Number of unobserved (omitted) features.

s_obs

Sparsity level of observed features. Coefficients corresponding to features after the s_obs position (i.e., positions i = s_obs + 1, ..., p_obs) are set to 0.

s_unobs

Sparsity level of unobserved (omitted) features. Coefficients corresponding to features after the s_unobs position (i.e., positions i = s_unobs + 1, ..., p_unobs) are set to 0.

betas

Coefficient vector for observed design matrix. If a scalar is provided, the coefficient vector is constant. If NULL (default), entries in the coefficient vector are drawn iid from N(0, betas_sd^2). Can also be a function that generates the coefficient vector; see generate_coef().

betas_unobs

Coefficient vector for unobserved design matrix. If a scalar is provided, the coefficient vector is constant. If NULL (default), entries in the coefficient vector are drawn iid from N(0, betas_unobs_sd^2).

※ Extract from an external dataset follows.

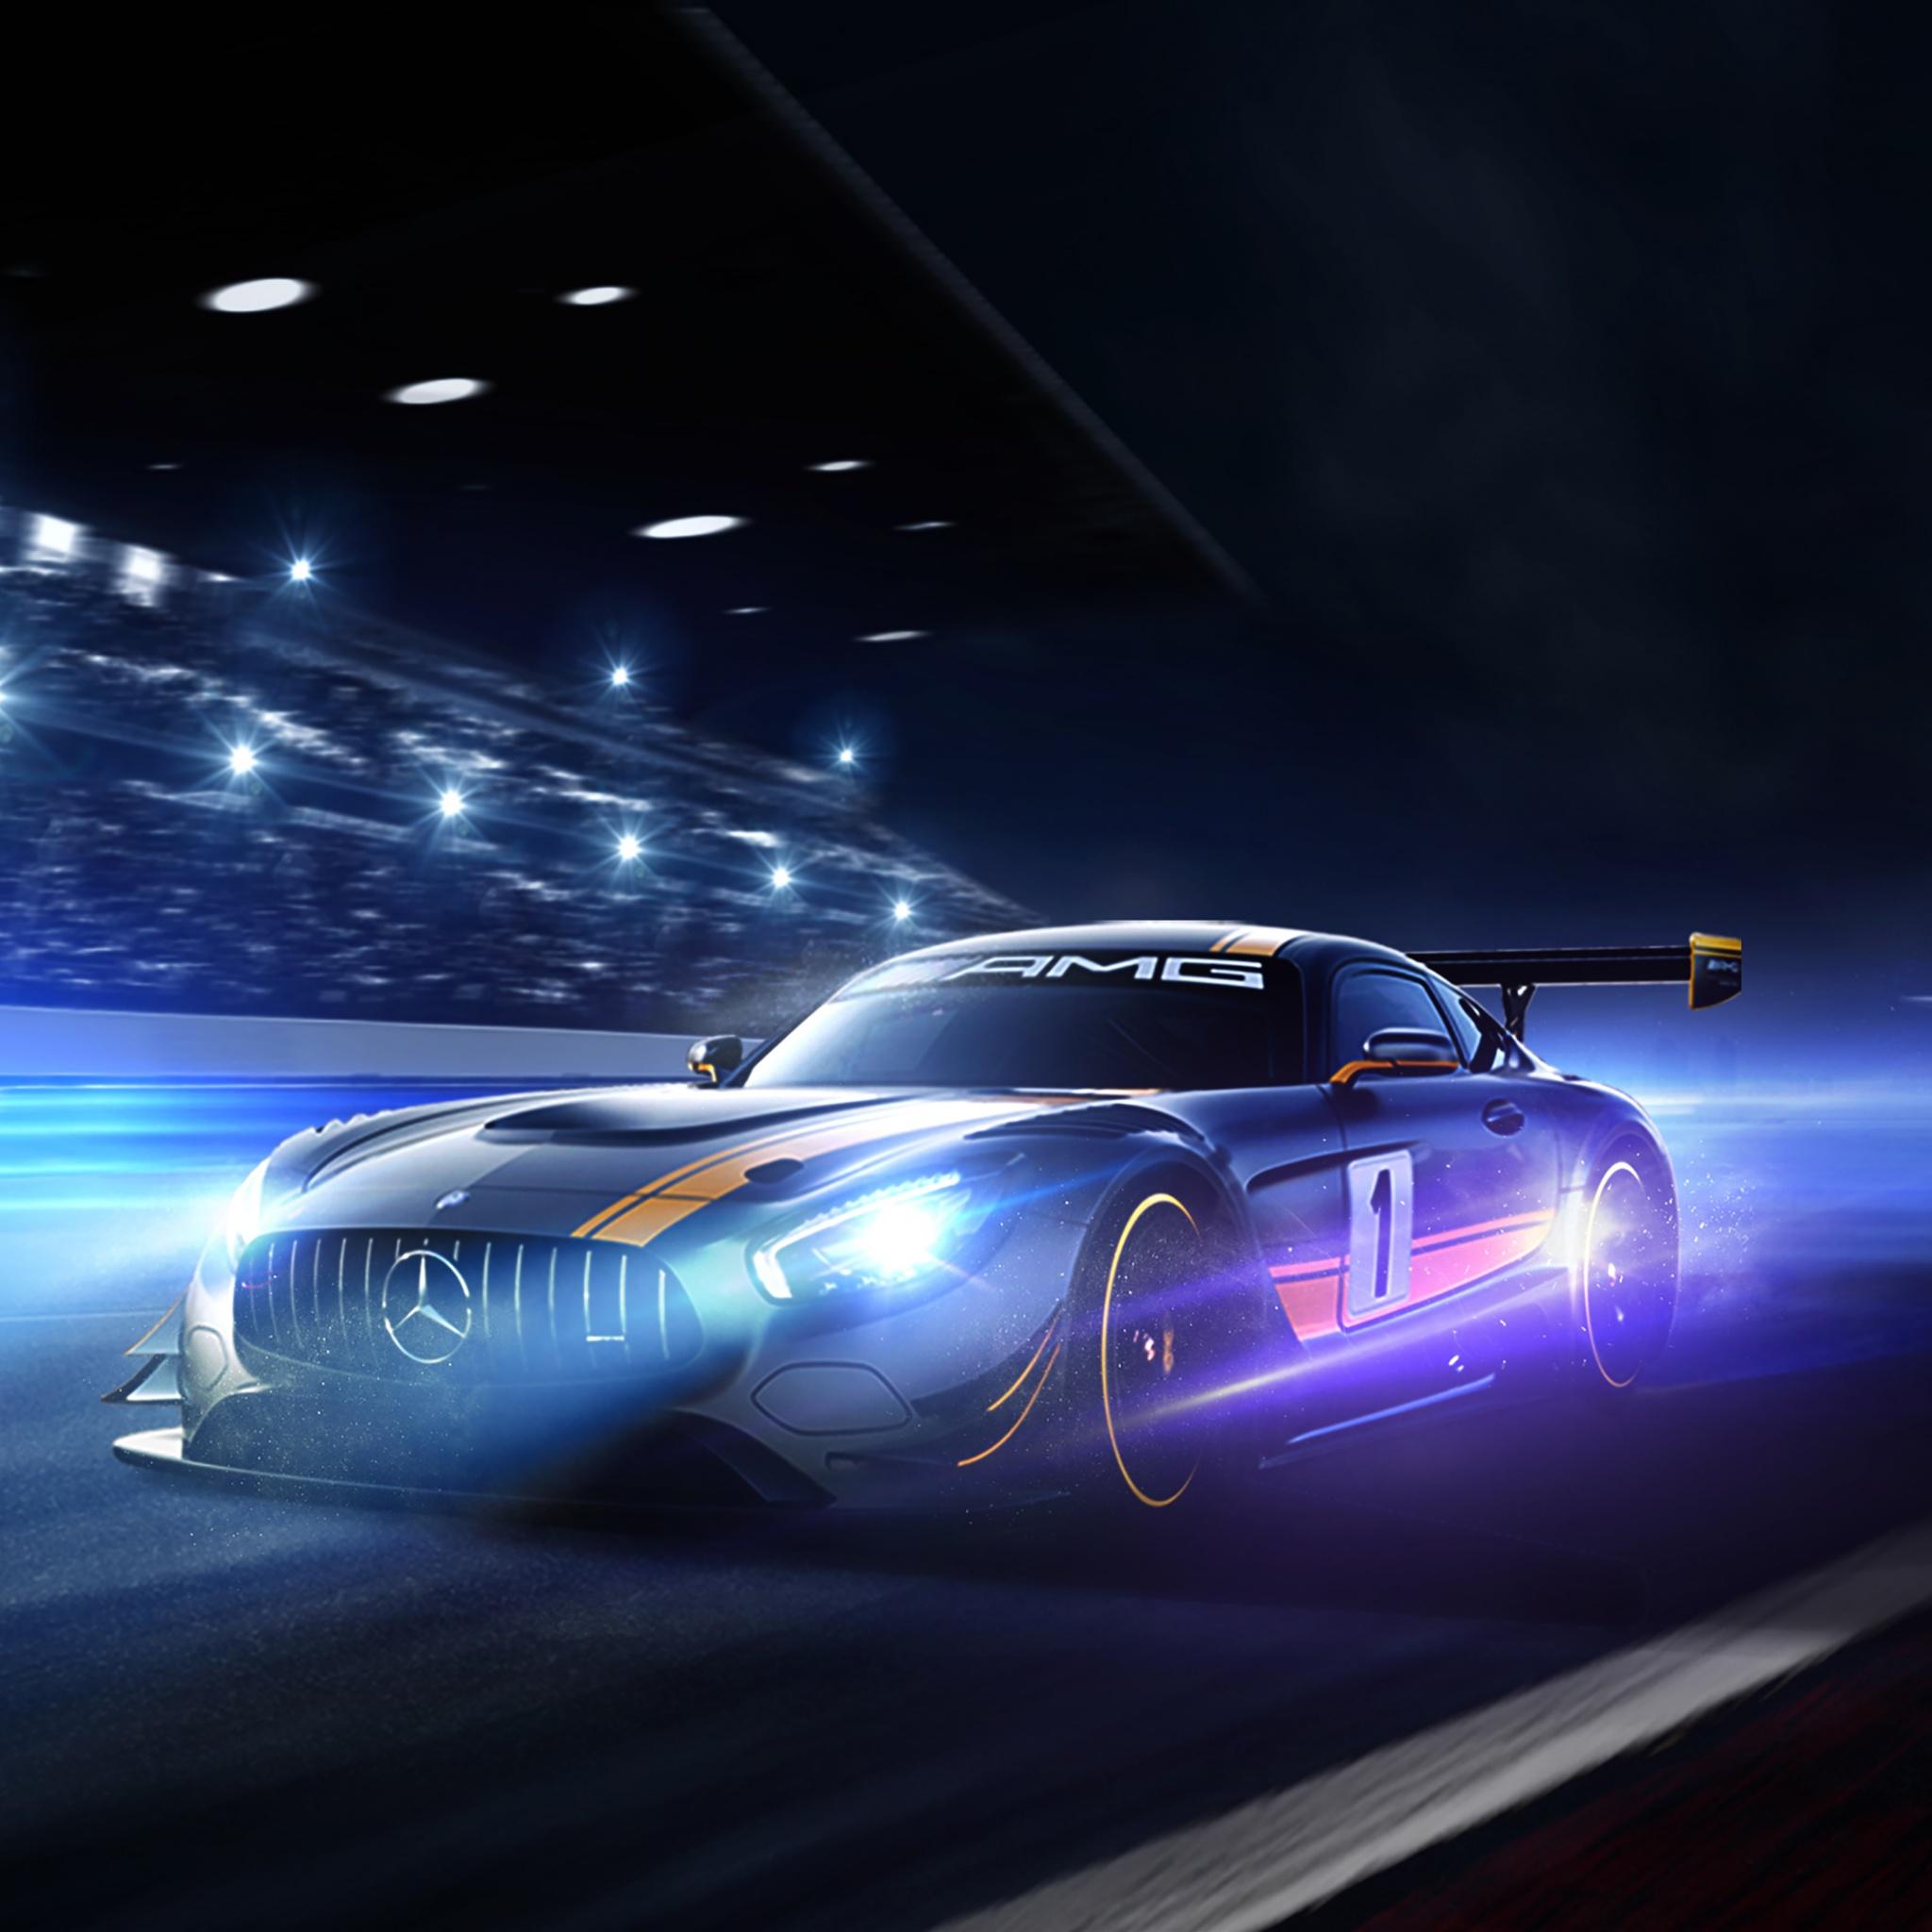 Ferrari F8 Tributo Spyder: Mercedes-AMG GT R 4K Wallpaper, Night, Racing Track, Cars, #97

Can also be a function that generates the coefficient vector; see generate_coef().

intercept

Scalar intercept term.

err

Function from which to generate simulated error vector. Default is NULL which adds no error to the DGP.

data_split

Logical; if TRUE, splits data into training and test sets according to train_prop.

train_prop

Proportion of data in training set if data_split = TRUE.

return_values

Character vector indicating what objects to return in list. Elements in vector must be one of "X", "y", "support".

...

Additional arguments to pass to functions that generate X, U, y, betas, betas_unobs, and err. If the argument doesn't exist in one of the functions it is ignored. If two or more of the functions have an argument of the same name but with different values, then use one of the following prefixes in front of the argument name (passed via ...) to differentiate it: .X_, .U_, .y_, .betas_, .betas_unobs_, or .err_. For additional details, see generate_X_gaussian(), generate_y_linear(), generate_coef(), and generate_errors()

Value

A list of the named objects that were requested in return_values. See brief descriptions below.

X

A data.frame.

y

A response vector of length nrow(X).

support

A vector of feature indices indicating all features used in the true support of the DGP.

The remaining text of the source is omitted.